Выйдя на улицу, она остановилась и взглянула на осеннее небо. Облака нависли низко и угрожающе, и пронизывающий ветер срывал последние листья с почерневших ветвей деревьев. Зарывшись поглубже в воротник, она мысленно поблагодарила Бога за то, что, по крайней мере, у нее все еще есть превосходный мех; конечно, это не был соболь – ее соболя давно уже сгинули, но это все же не было обычной норкой. Меха от Фишера были вполне респектабельным компромиссом в ее нынешнем положении. И, если уж говорить о статусах и положении в обществе, то как же она дошла до такой жизни?

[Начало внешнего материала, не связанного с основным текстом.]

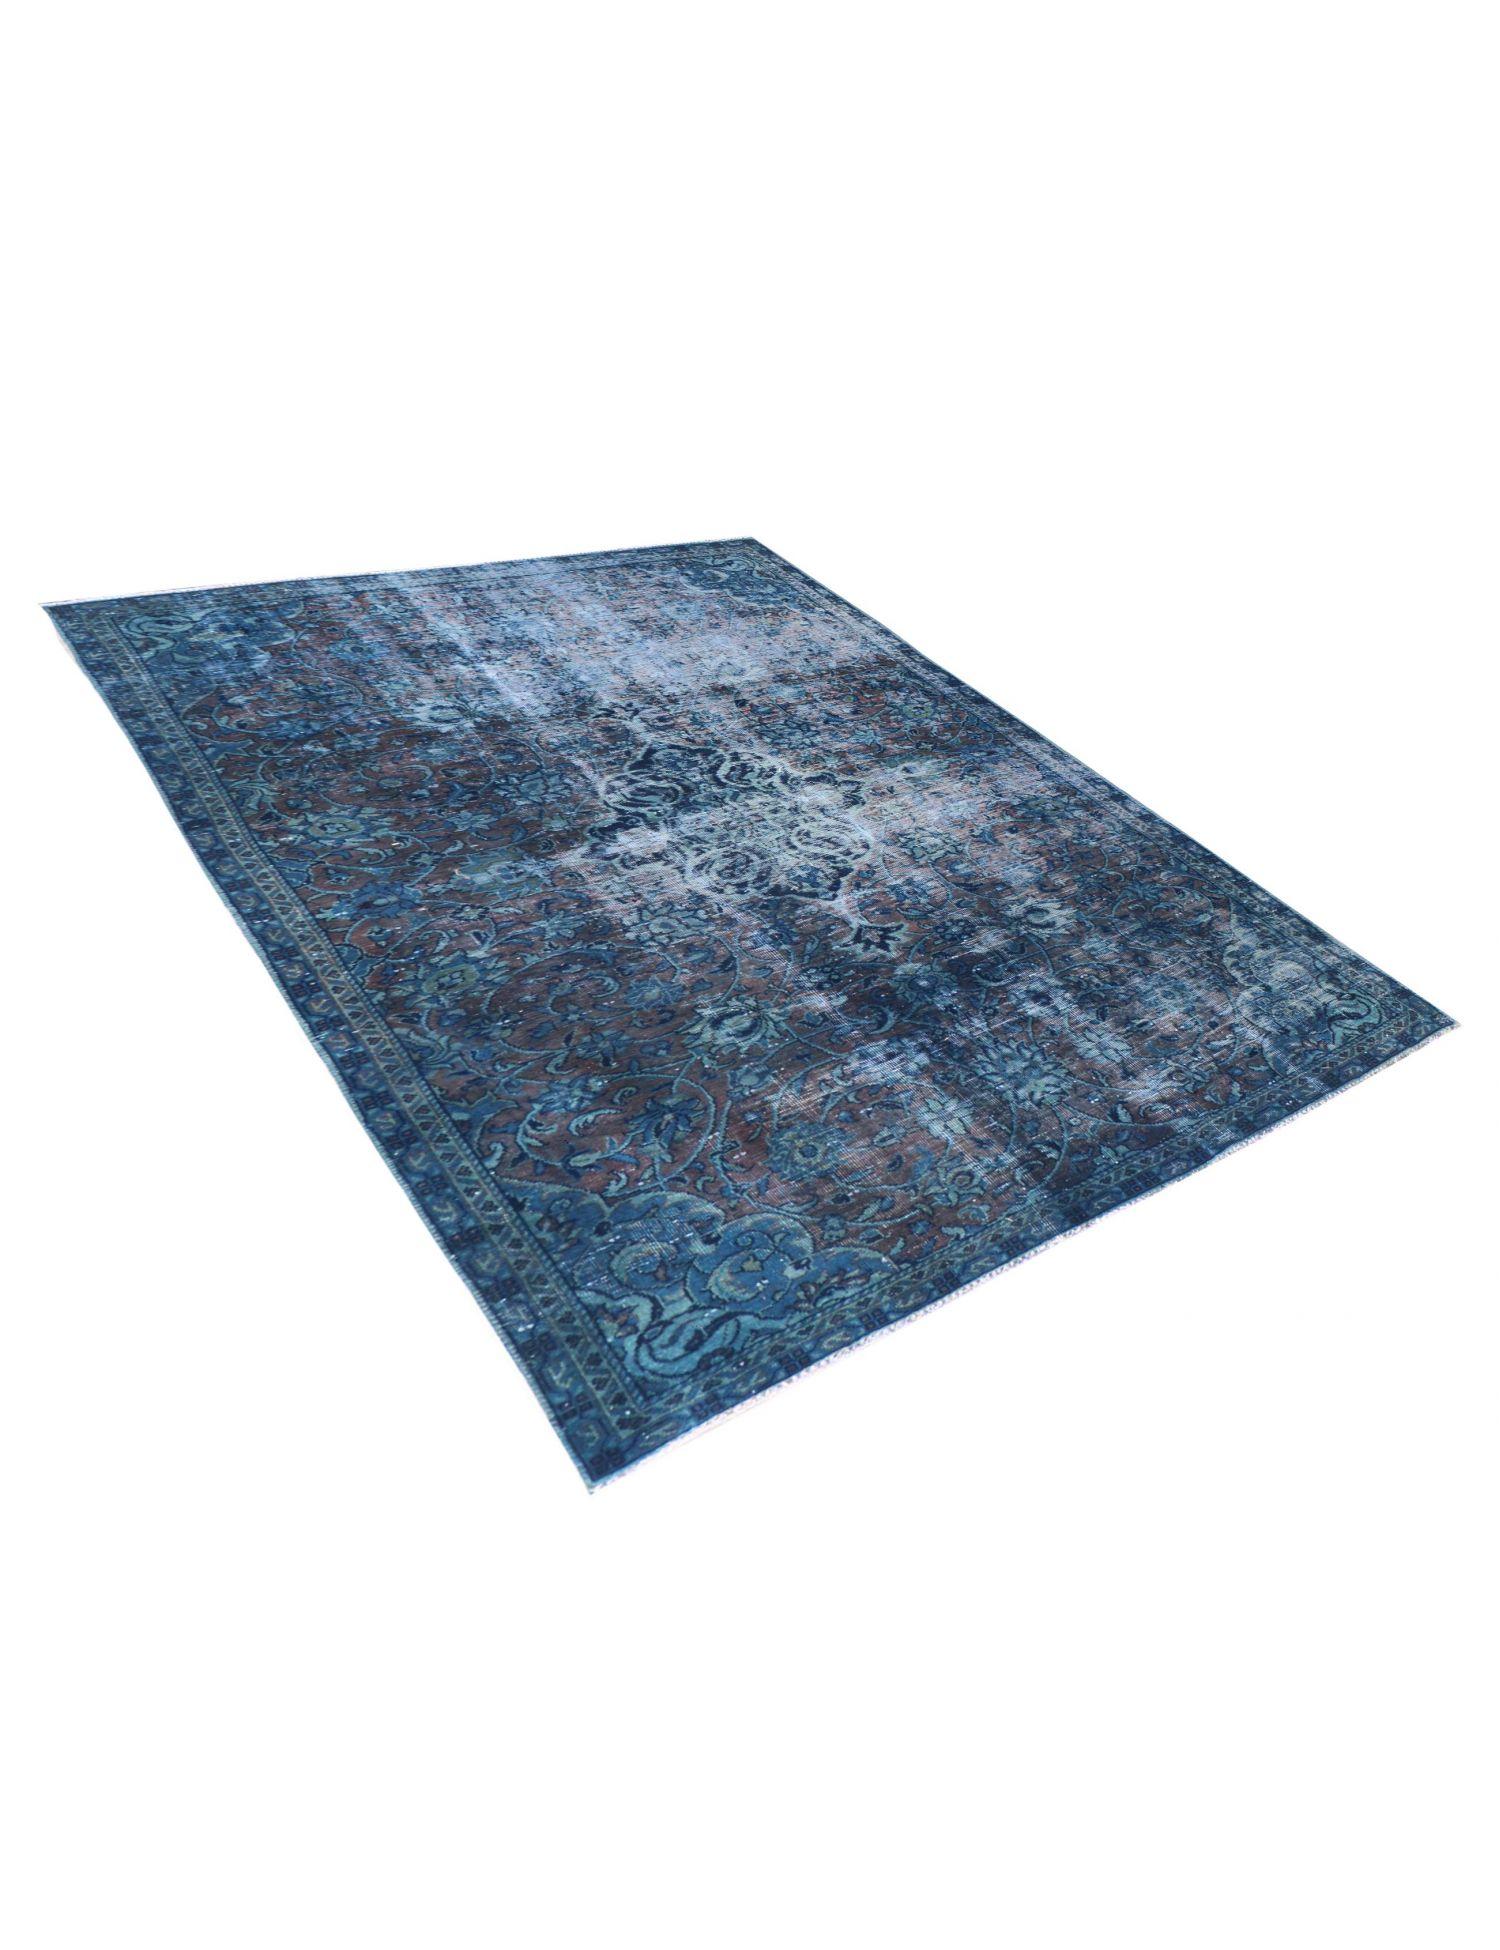 Persisk Vintagetæppe  blå <br/>253 x 150 cm
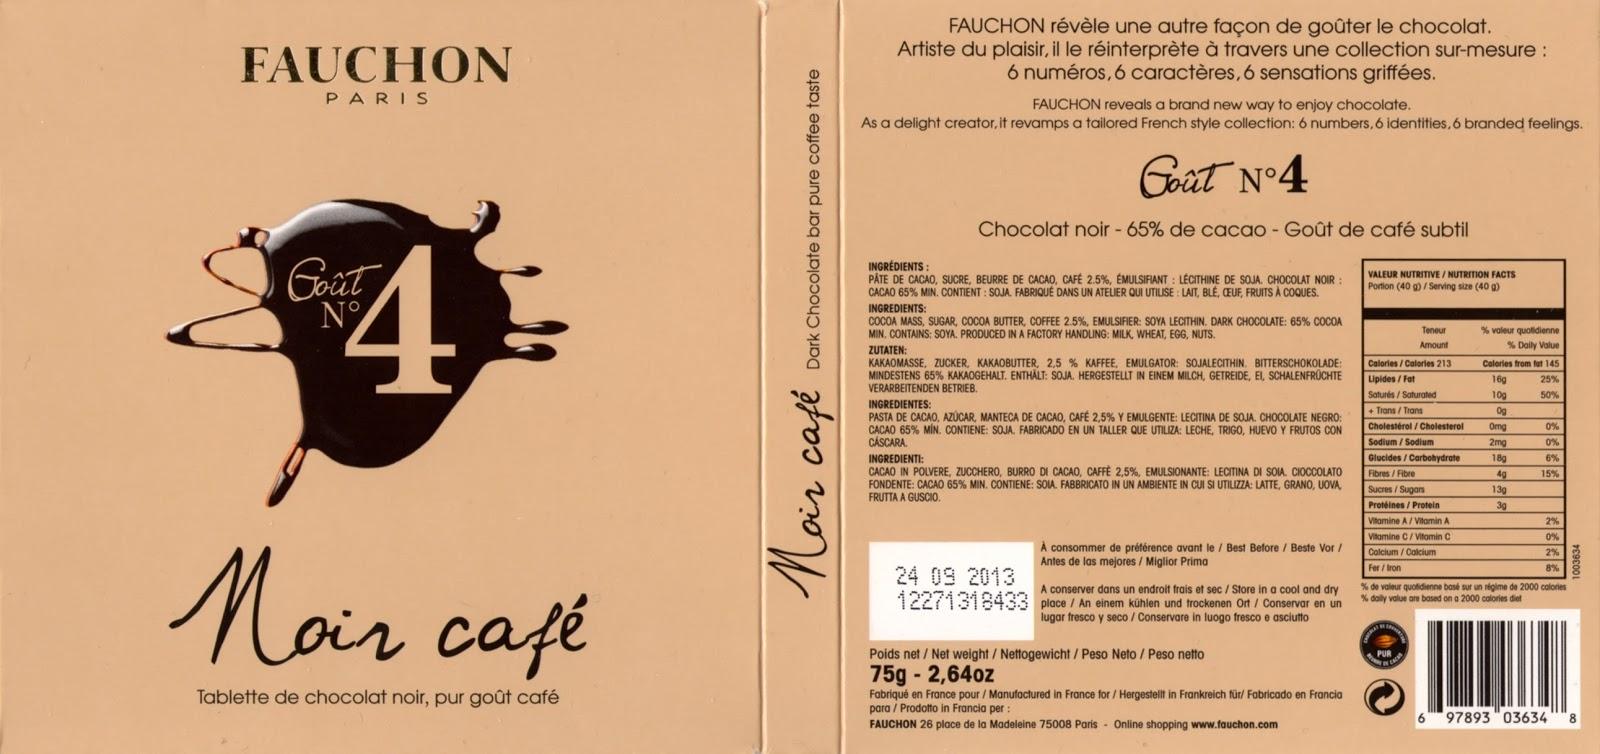 tablette de chocolat noir gourmand fauchon goût n° 4 noir café

Клаудиа жила в крошечной студии в тыльной части вполне приличного дома, с видом на близко расположенную помойку. Конечно, она могла бы найти что-нибудь побольше за те же деньги в более дешевом доме, но здесь, по крайней мере, у нее был хороший адрес, а это уже много. И, кроме того, она не собиралась проводить много времени в своем жилище. Сейчас, к примеру, она надеялась получить целый ворох приглашений: она не прочь была, и всерьез предполагала, что встретит Рождество на вилле Малинковых в новом уютном курортном местечке Коста Карейес в Мексике, потом, быть может, неделя-две в шале Листерсов в Гстааде, затем – почему бы и нет? – на Барбадос… но, так или иначе, в этом году эти приглашения все еще не материализовывались. Ее «подруги» поняли, что она осматривалась по сторонам в поисках нового мужа, и они не хотели рисковать своими собственными, находясь в ее обществе. Клаудиа была хорошо известна своей нещепетильностью в этих вещах. Она была неразборчивой в средствах. Ей было тридцать шесть лет, и она была красивой женщиной – высокой, со стройными бедрами и пышным бюстом, который был несколько больше, чем требовалось для благообразной элегантной внешности, но, как Клаудиа и считала, он был ее главным оружием. Но иногда – как в данном случае – ее привлекательность оборачивалась против нее.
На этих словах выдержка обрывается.